Michael Singer says, “By watching your mind, you will notice that it is engaged in the process of trying to make everything okay.”  As in, you will notice that if you can conceive of a story that makes sense of the day, the way you traded the time allotted in this twenty-four hours, everything will be okay because you will have proven that you are a treasure.

Further, Michael Singer notes *that* is *not* what you *really* want to do (what does he know, yes it is), that one must disengage from the innocent mind merely trying to help by finding a solution (be worthy – which I may never be because I consistently listen to my mind).  Stop it he says.  Sort of like Pema Chodron advises to lean into whatever problem you are having (wait – is that contrary advice? If you lean into it, you consciously acknowledge some “it” and Michael Singer is saying that’s simply the mind and we are not our mind).

In “The Year of Magical Thinking,”  Joan Didion says, “This is a case in which I need more than words to find the meaning.  This is a case in which I need whatever it is I think or believe to be penetrable if only for myself.”

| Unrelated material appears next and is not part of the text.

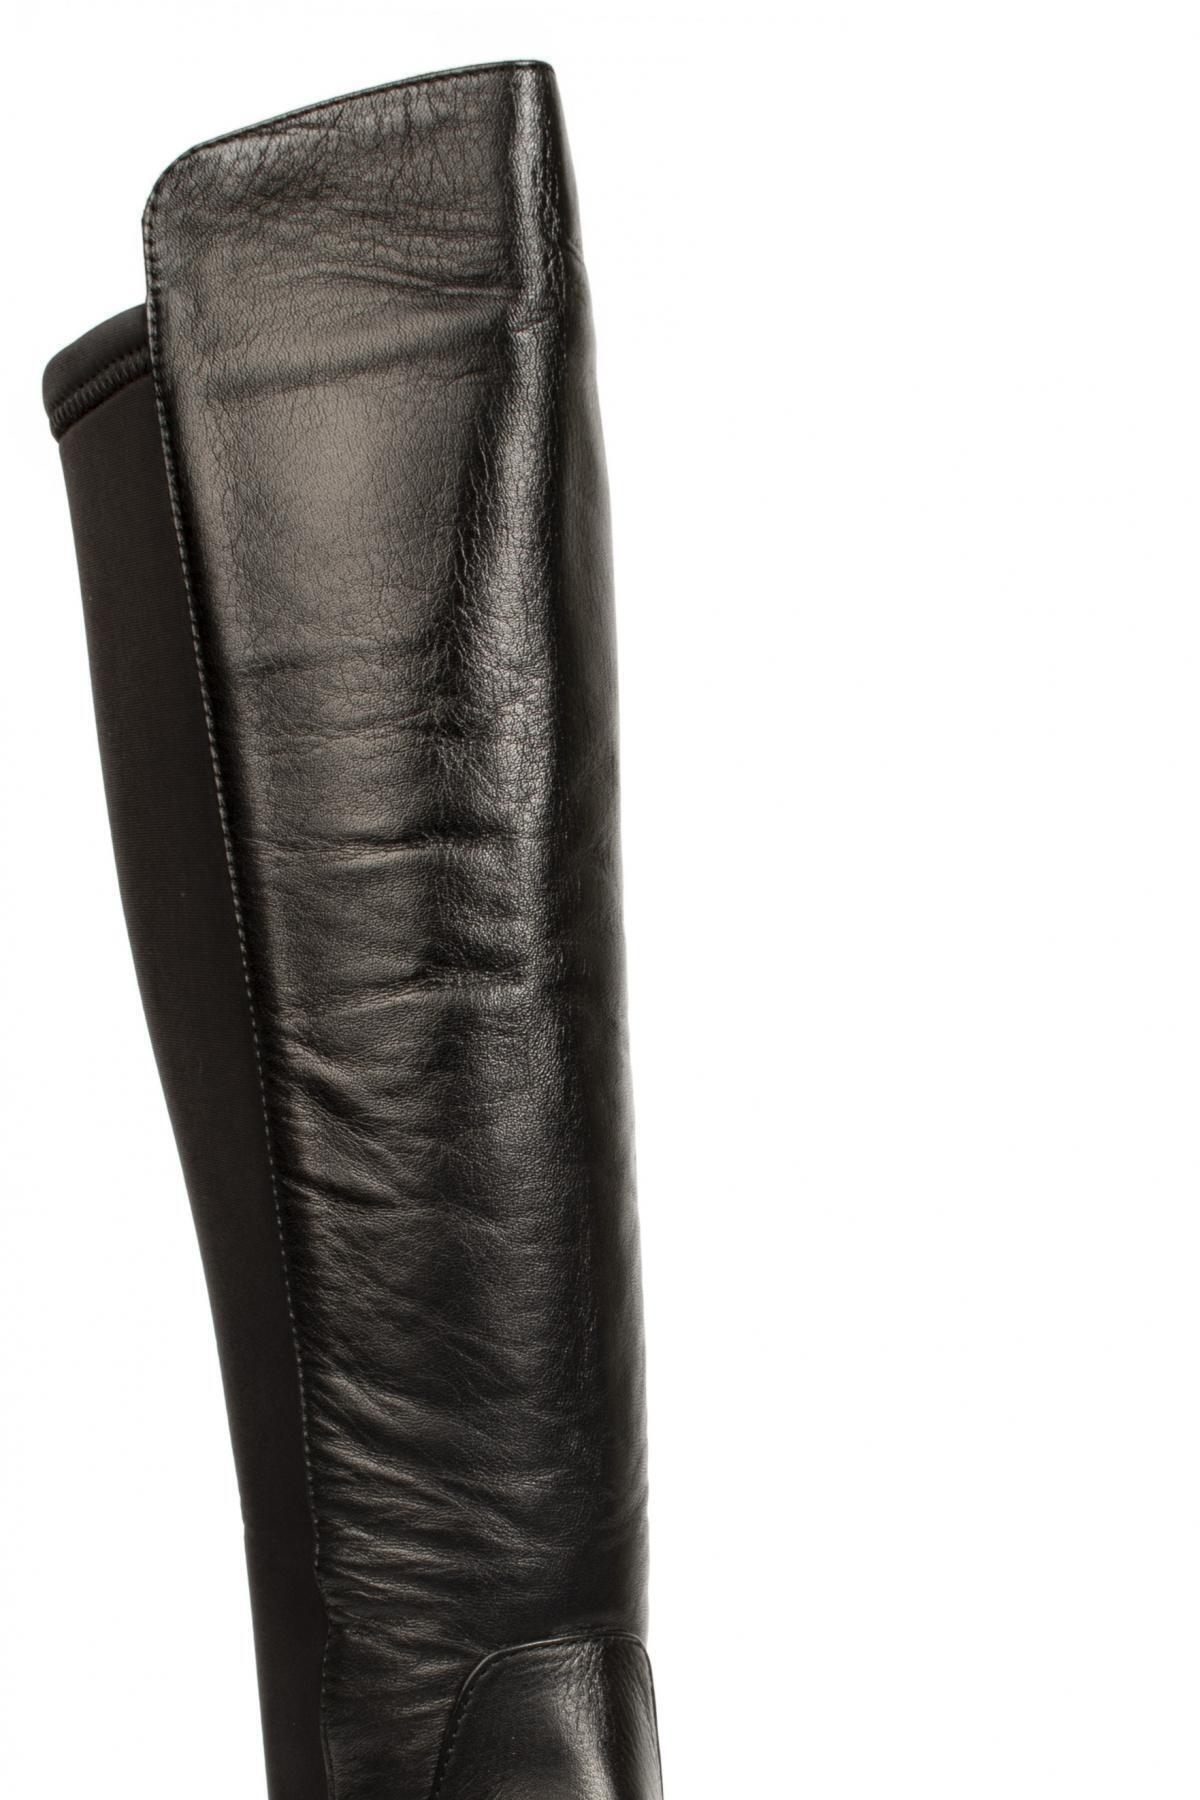 Mammamia Kadın Siyah Deri Çizme D20kc-2040 2

I don’t know what that means but I think it means we must figure out for ourself what we think and believe.  I would suggest that has to do with listening to the mind since how else are you going to be able to pick and choose among the hundreds of thousands of visuals (if you think in pictures, which I do) that float through during any given day.  Maybe it has nothing to do with picking and choosing and more to do with a walk in the woods, or watching cloud, or howling at the moon.  Or maybe just some really good Chardonnay.

“The way we spend our days is the way we spend our lives.” (Annie Dillard)  Which sort of takes us back to the opening and the need to make the day worth *something**somehow**somewhere*. Gregg Levoy says that the way we spend our lives well (an accumulation of days) depends on what questions we decide to ask.  Someone please tell me: How are we to get the proper question,s and how are we to know when we have?